In late summer of that year, 1976, there was another card from Sarah. It was a Kodachrome photograph of Rio at twilight, a little slick, but pretty, pinkish-blue reflections on water. I felt a kind of smiling sadness, though not really sadness, because in that water I saw what our world might have been, and in a way, I suppose, now was. I saw what she meant by commitment and passion, and it was present in that other universe, as love was also present, and as it would be present always. I thought about her a great deal; I’m sure she thought about me.

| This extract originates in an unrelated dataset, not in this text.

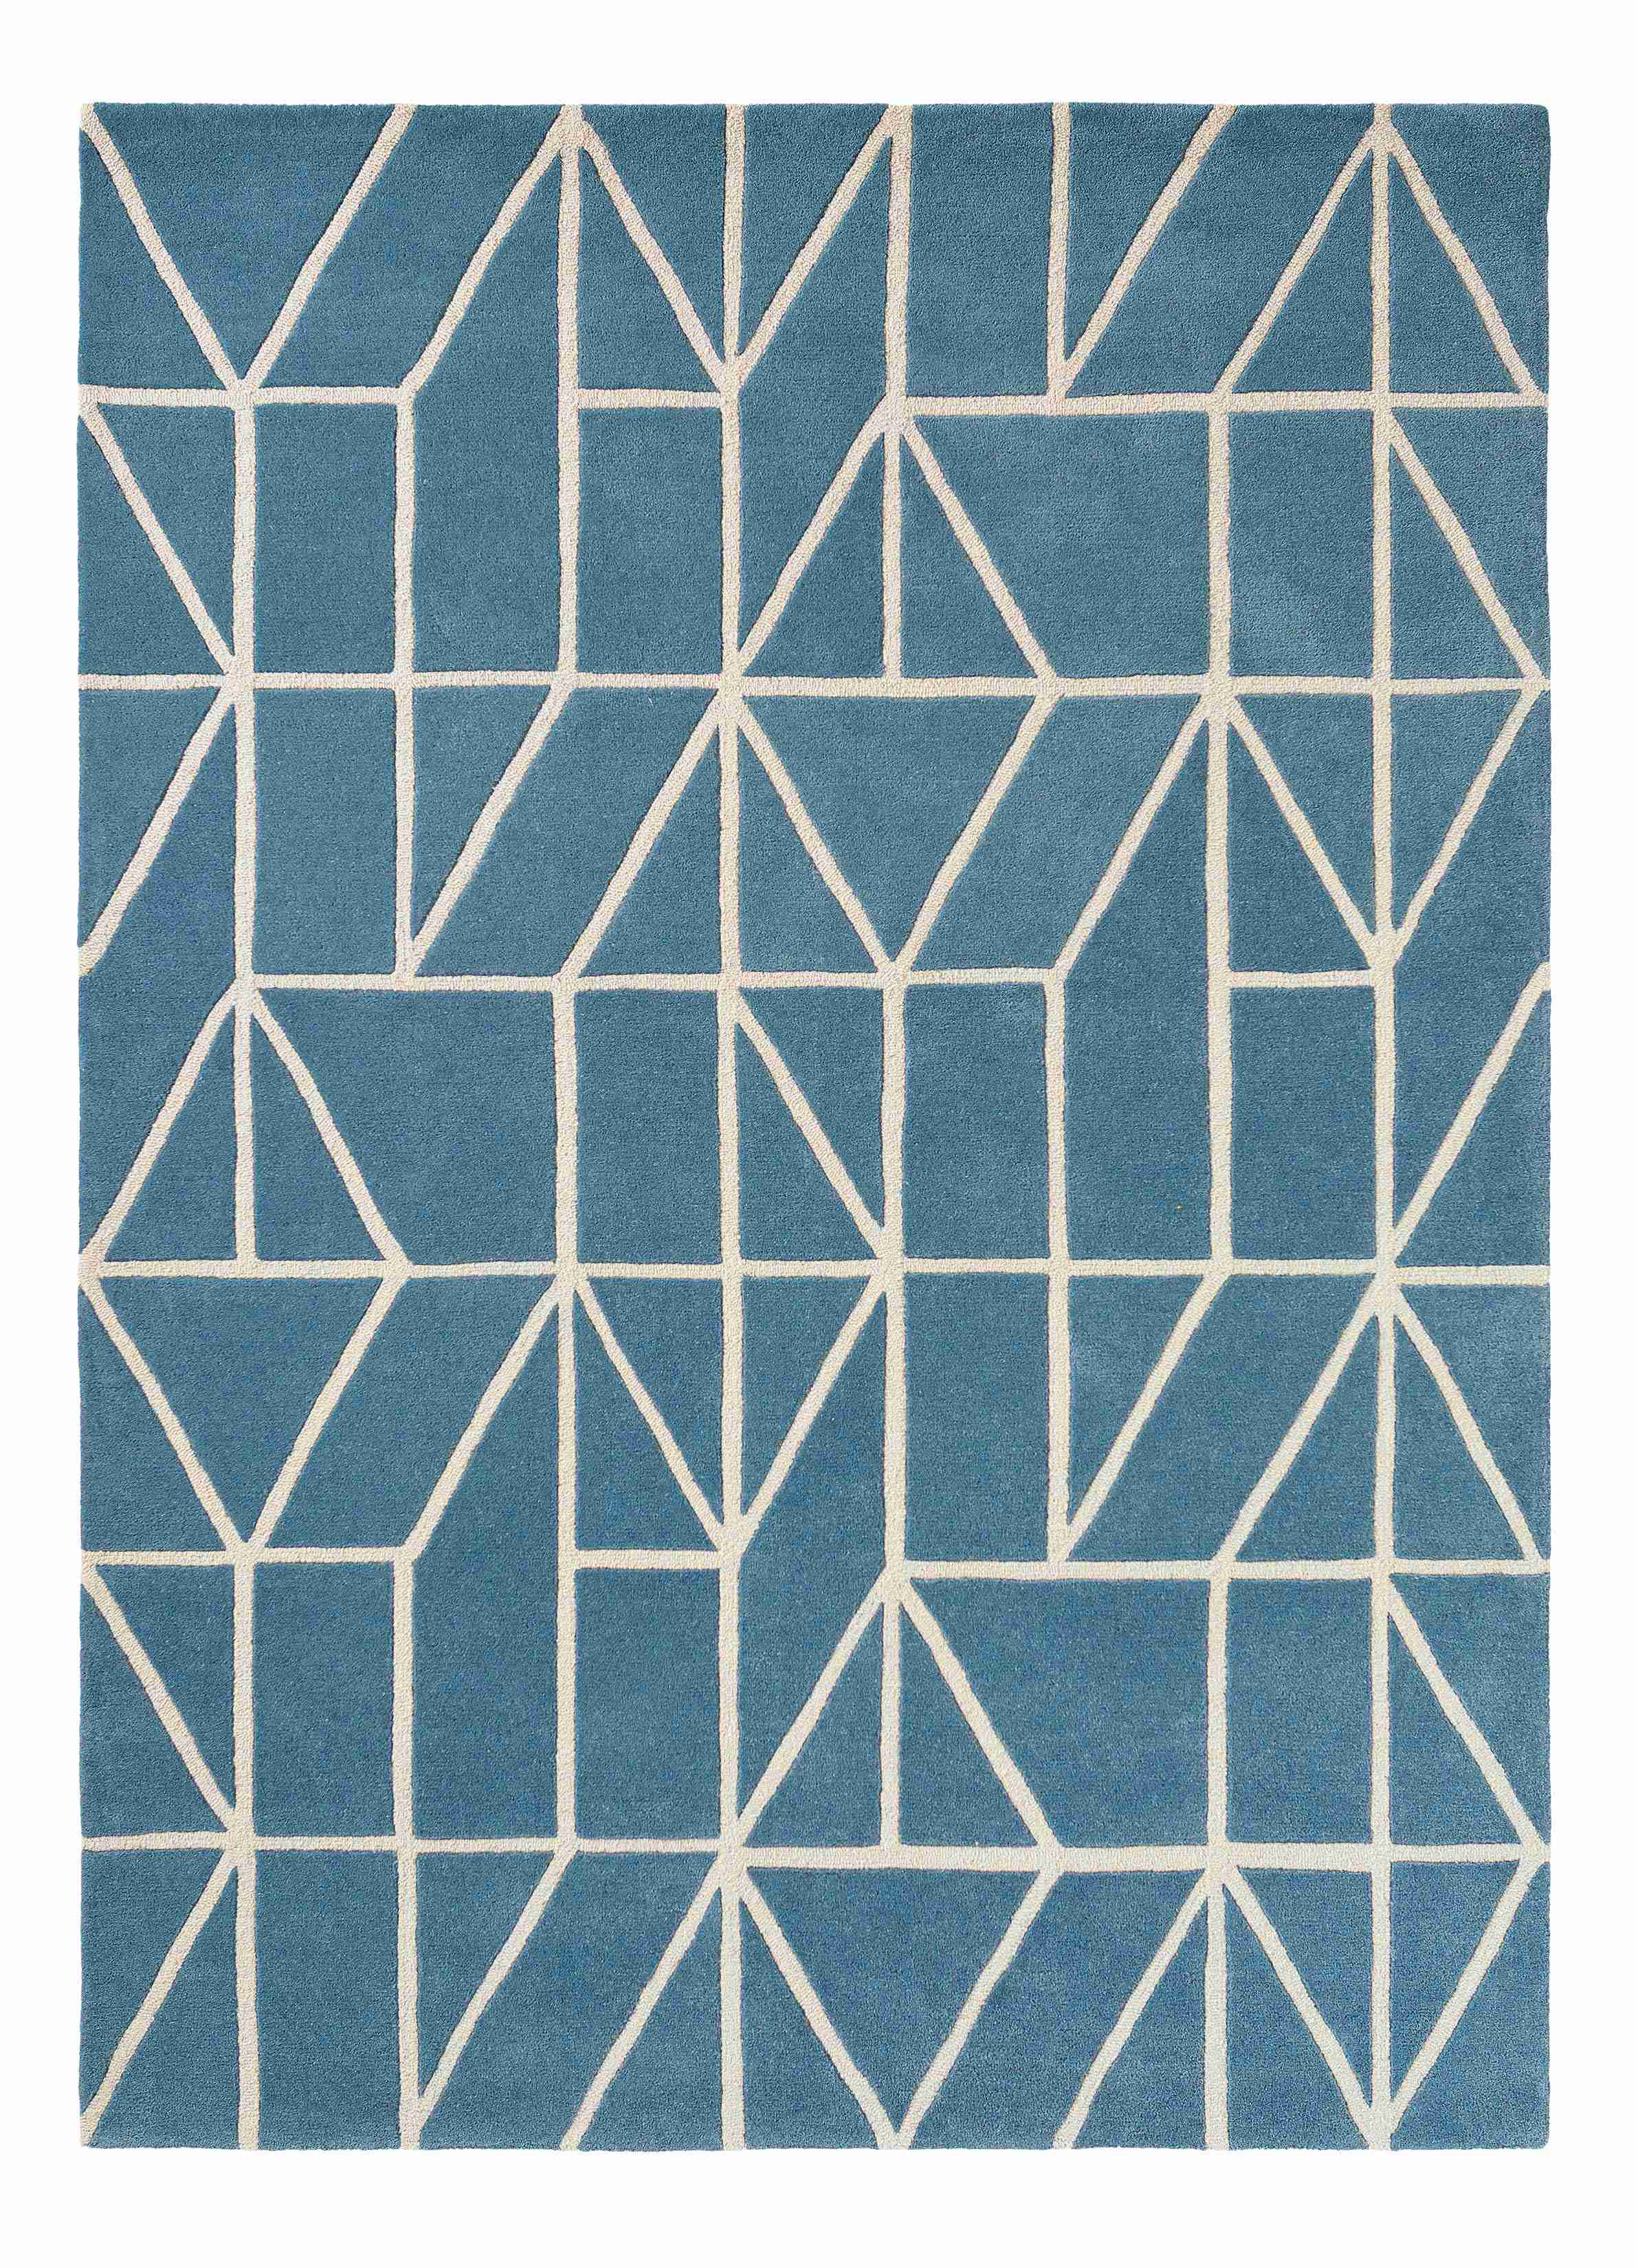 Blue wool rug with white modern geometric line pattern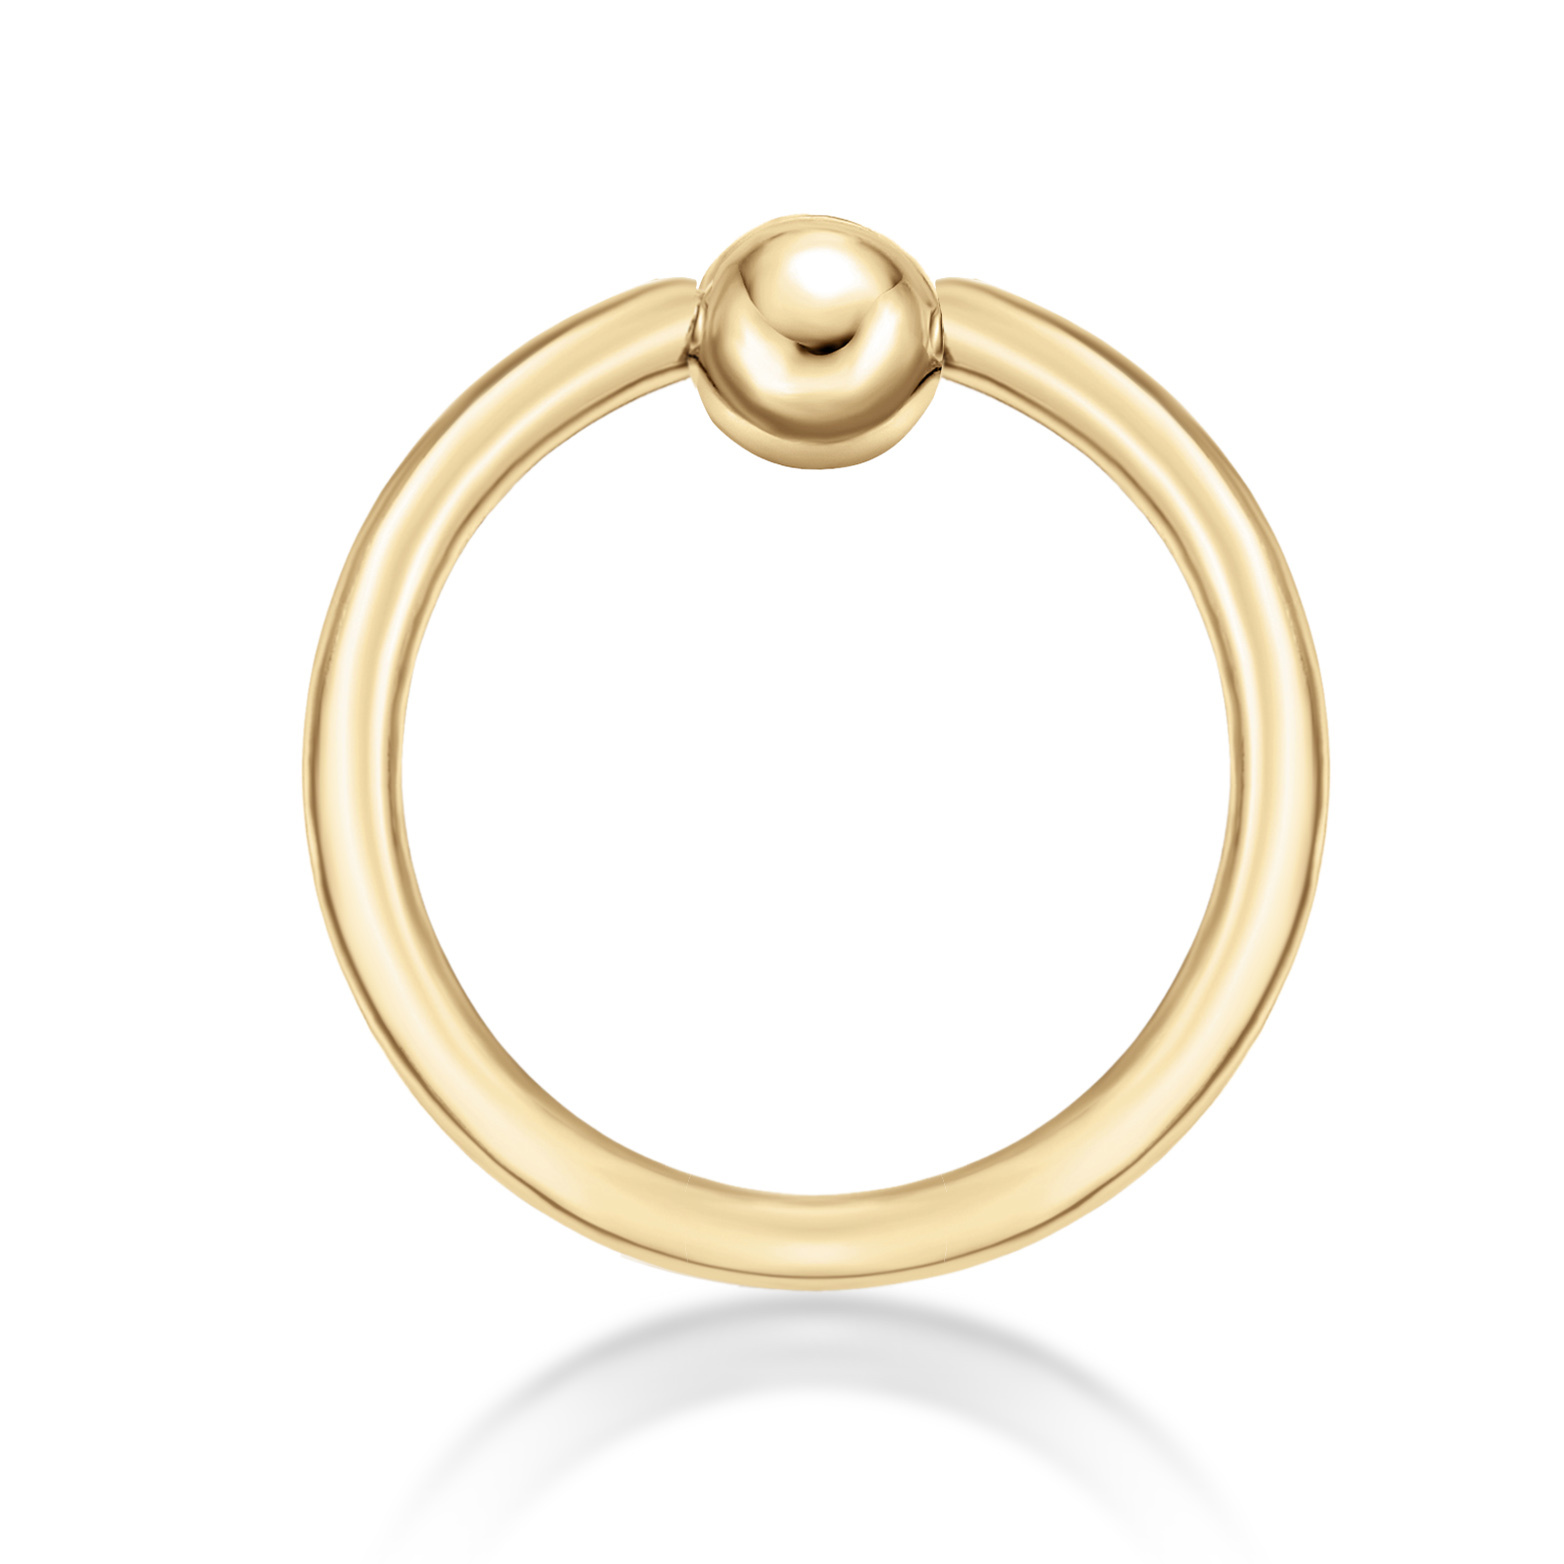 Women's Captive Bead Universal Hoop Ring, 14K Yellow Gold, 3/8 Inches, 10 MM, 16 Gauge | Lavari Jewelers

On my thirtieth birthday, October 1, Chuck Adamson suggested that now was the time. And I agreed.
There were lawyers, of course. It was not easy but it was not hard either. Like visiting the dentist: You squirm and tighten up, and maybe there’s an ache, but then it’s over and you touch your jaw and shrug and walk away. There was no jail. There was no trial . There were formalities and papers to sign, even pleasantries, and in the end it was almost a letdown, not enough hurt.
On January 21, 1977, President Jimmy Carter issued a blanket pardon—ten thousand draft-dodgers shot full of Novocain.
I began my graduate studies in February. Geology, it was a natural, and for the next two years I went underground in an entirely new way. I was an adult. I learned about the world we live in, all of us, which was finally a world of real things, sandstone and gold and graphite and plywood and art and books and bombs and the particles which make these things, and how each thing is vulnerable, even Bobbi, who was no longer a fantasy, but real. My dreams were glass. There were no flashes, not even a glow. I was hard and sane.